EV Minivans! VW ID.Buzz, Lucid Gravity expand electrics into family van territory


One’s a retro icon, electrified, the other’s a fast, sleek luxury seven-seater—but they both qualify as minivans if you squint.

Remember minivans? The hugely practical family vehicles with three rows of seats, superb cabin access, sliding side doors, and features like hidden floor compartments and vanishing third rows? They hit their height of popularity in North America around 2000, then lost favor as supposedly safer SUVs with more rugged proportions gained favor. 

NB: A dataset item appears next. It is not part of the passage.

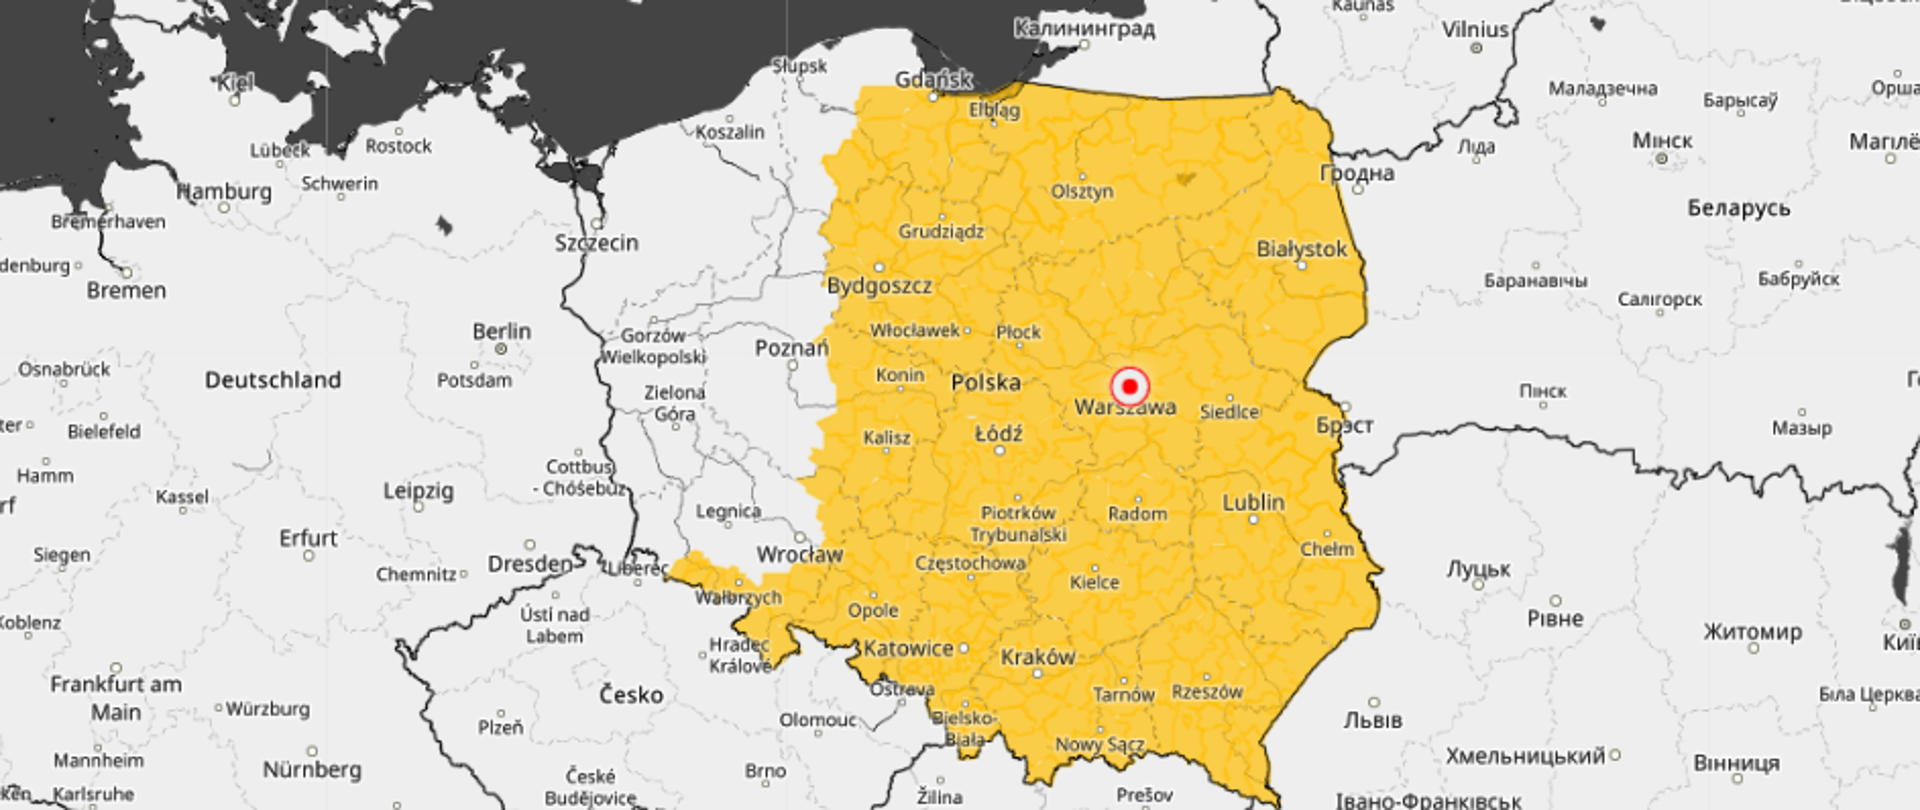 Na zdjęciu widać mapę polski. Kolorem żółtym zaznaczop obszary z ostrzeżeniami IMGW Silny Mróz.
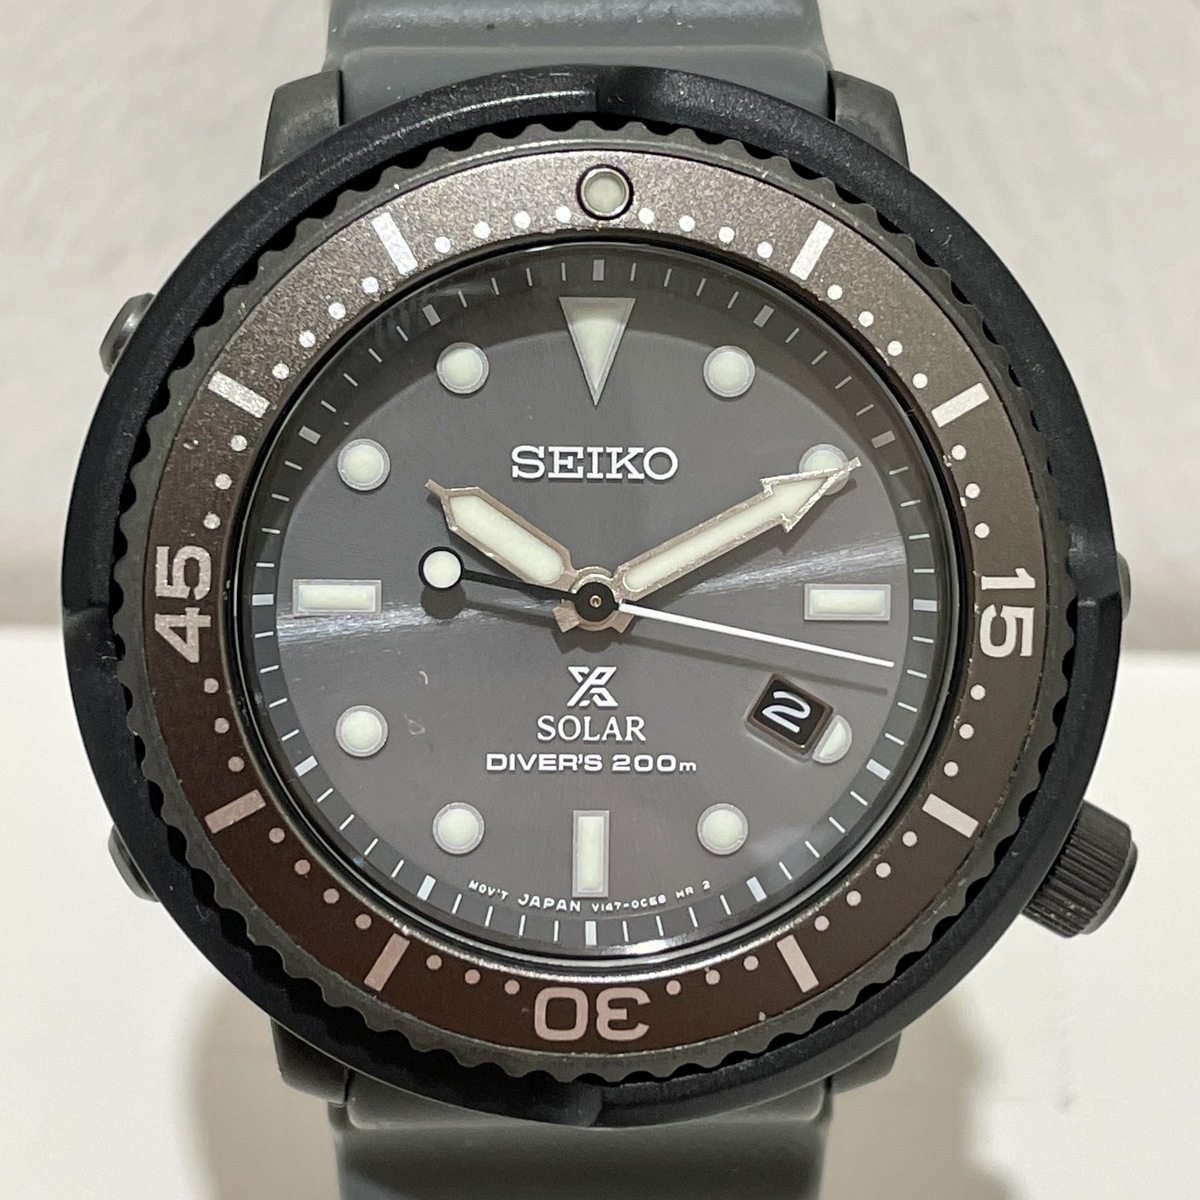 セイコーのLOWERCASE STBR023 プロスペックス ダイバーズ 腕時計の買取実績です。

Now, two new electric minivans—the retro Volkswagen ID.Buzz and the luxury Lucid Gravity—have joined the four gasoline entries that make up a shrunken, if steady, segment. Those are the Chrysler Pacifica, Honda Odyssey, Kia Carnival and Toyota Siena. For 2025, the Toyota is offered only as a hybrid, while the Kia and Chrysler have optional hybrid versions, though the Pacifica “Hybrid” is actually a plug-in hybrid with 30-plus miles of electric range. 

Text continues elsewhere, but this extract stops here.